Consider a business that has 1000s of customers, considering the high cost of bitcoin transactions these days, would it be better to have just a single destination address to receive bitcoin transactions ( edit: payments ) at, rather than issuing 1000s of unique addresses which is then swiped to a single address later?

The payment can be matched with the user by asking the user to input their sending address before sending (edit: via an UI and storing it in a DB). I would like to understand what the downsides are for such an approach? would you trust the service and provide your bitcoin address?

edit: I understand that the current recommendation one is to use one unique receiving address per user and do a reverse lookup. However I would like to learn what could go wrong with other approaches and why we shouldn't use it.


In Bitcoin, there is no such thing as a “from” address.  Any system based on such a design will drop money on the floor.

What you need is a forthcoming new feature:  Schnorr signatures.  This will allow one signature to cover all your inputs:


It will also improve privacy, which I think is certainly a concern when inevitably coin-merging all your customers’ payments.
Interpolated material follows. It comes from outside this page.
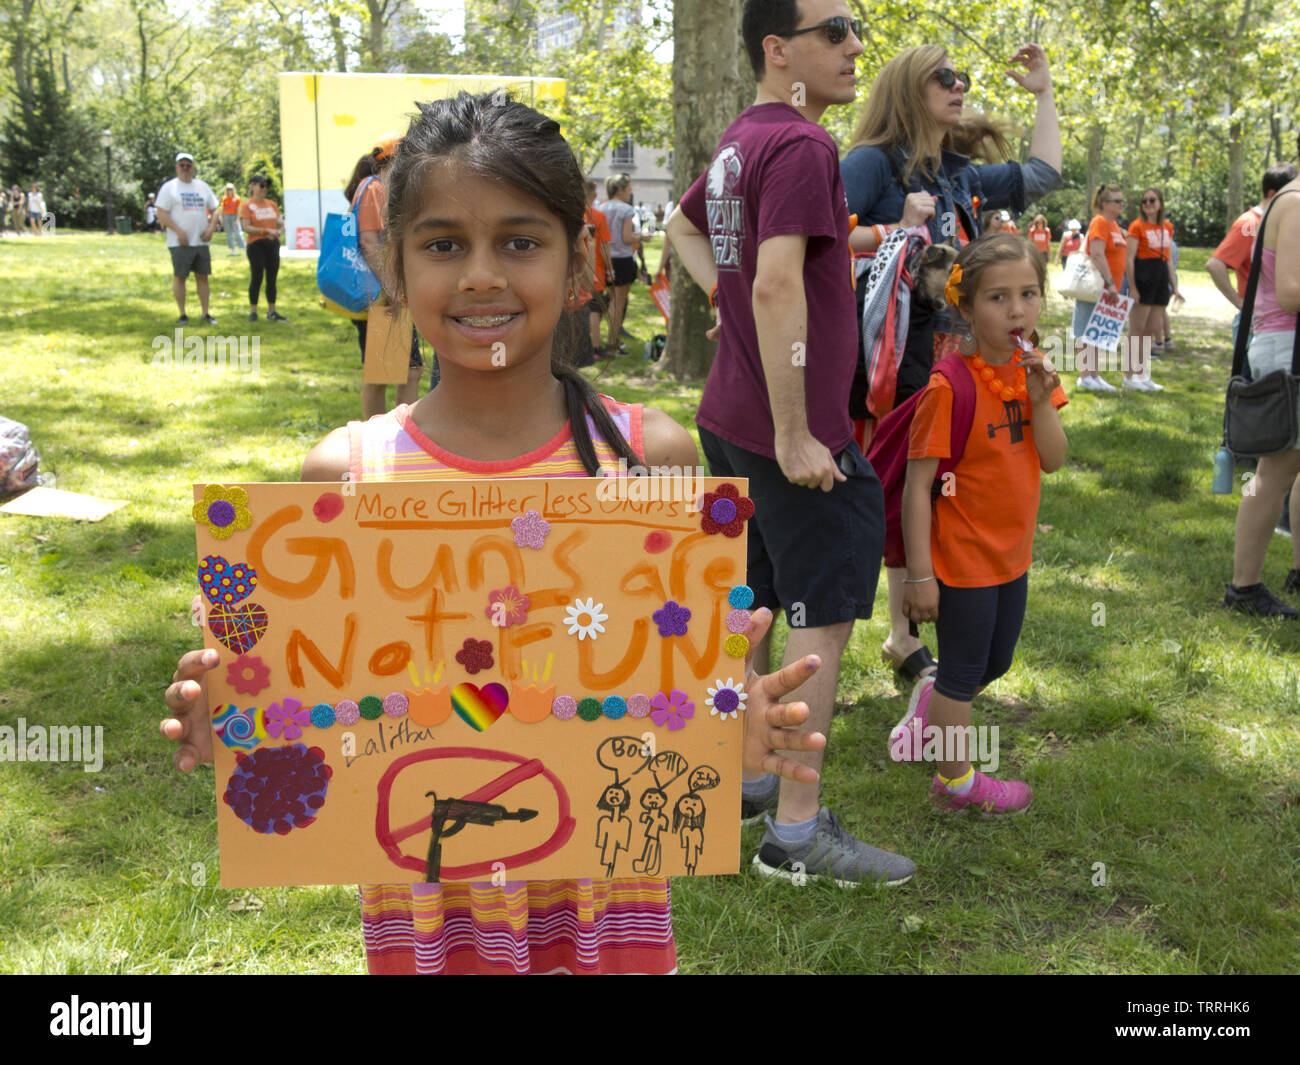 NYC Solidarnosc Walk with Gun violence Survivors at Cadman Plaza à Brooklyn, NY, 8 juin 2019. La fille tient le signe qu'elle a dessiné. Banque D'Images
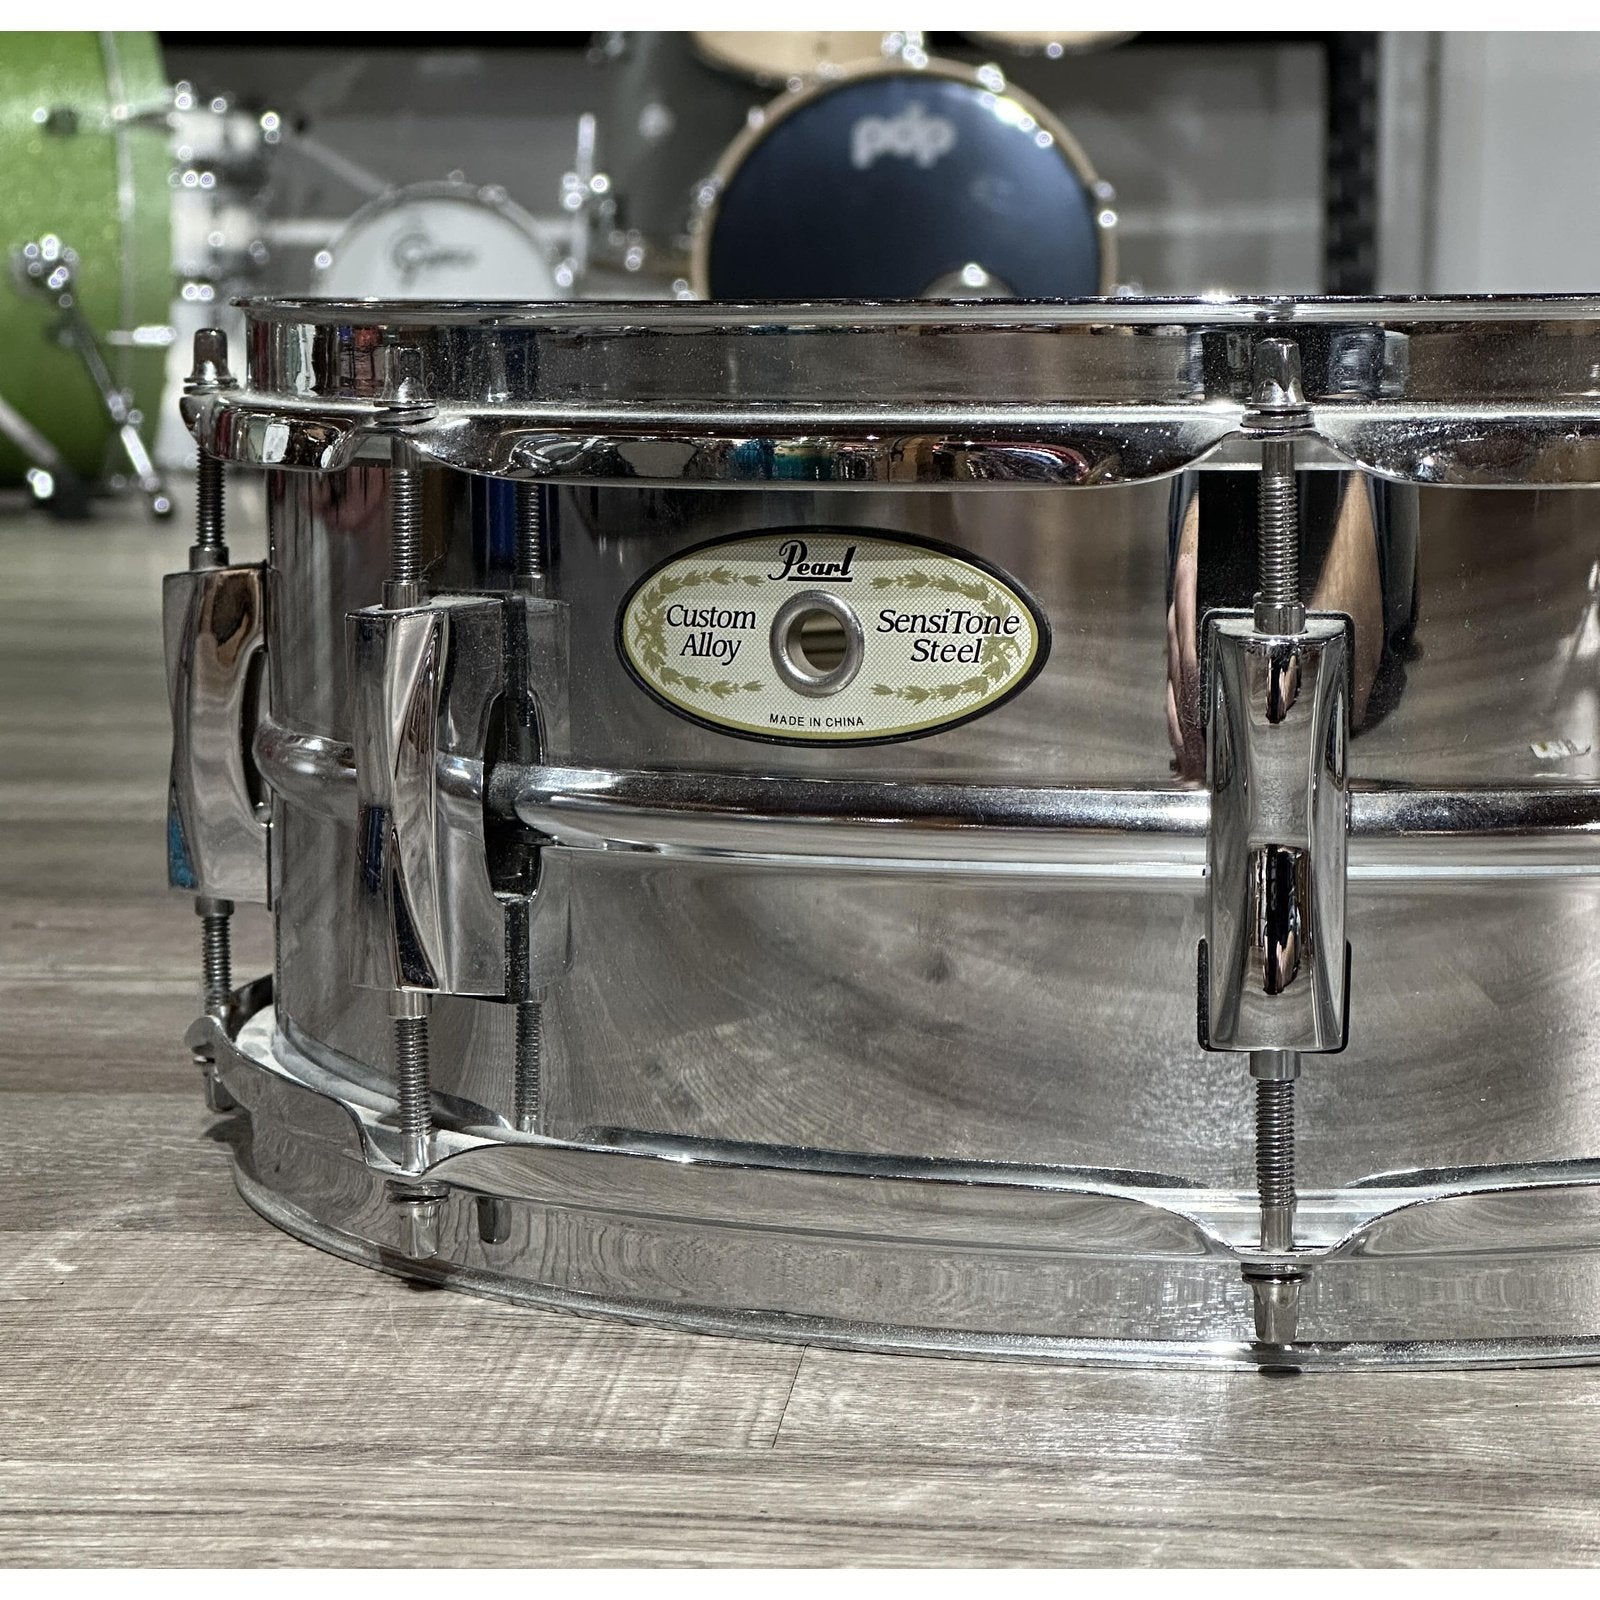 Pearl Sensitone Heritage Alloy Snare 14 x 5 in. Steel

Unfortunately, it’s not here yet.  Meanwhile, yes, fees are quite problematic for your use case.  I hope that at least you’re using Segwit addresses like the one in my signature; if you’re not, then each of those extra public keys and signatures in your spends is quadruple-weighted in the fees you need to pay.  For a typical consumer transaction, that’s a big waste; for your use case, the difference will be obscene.  Signatures and public keys are relatively large, in measure of bytes; and when you are spending the proceeds from many receiving addresses, of course, you need one of each.



If I heard you correctly want to know if it nice for a business owner to have multiple bitcoin address link to one account. The answer is most business owner use one account and every business owner that use multi address link to one account is definitely trying to evade tax issue.

This makes no sense whatsoever.  The standard industry “best practice” recommendation is to use one receiving address for each transaction.  You’re spouting nonsense.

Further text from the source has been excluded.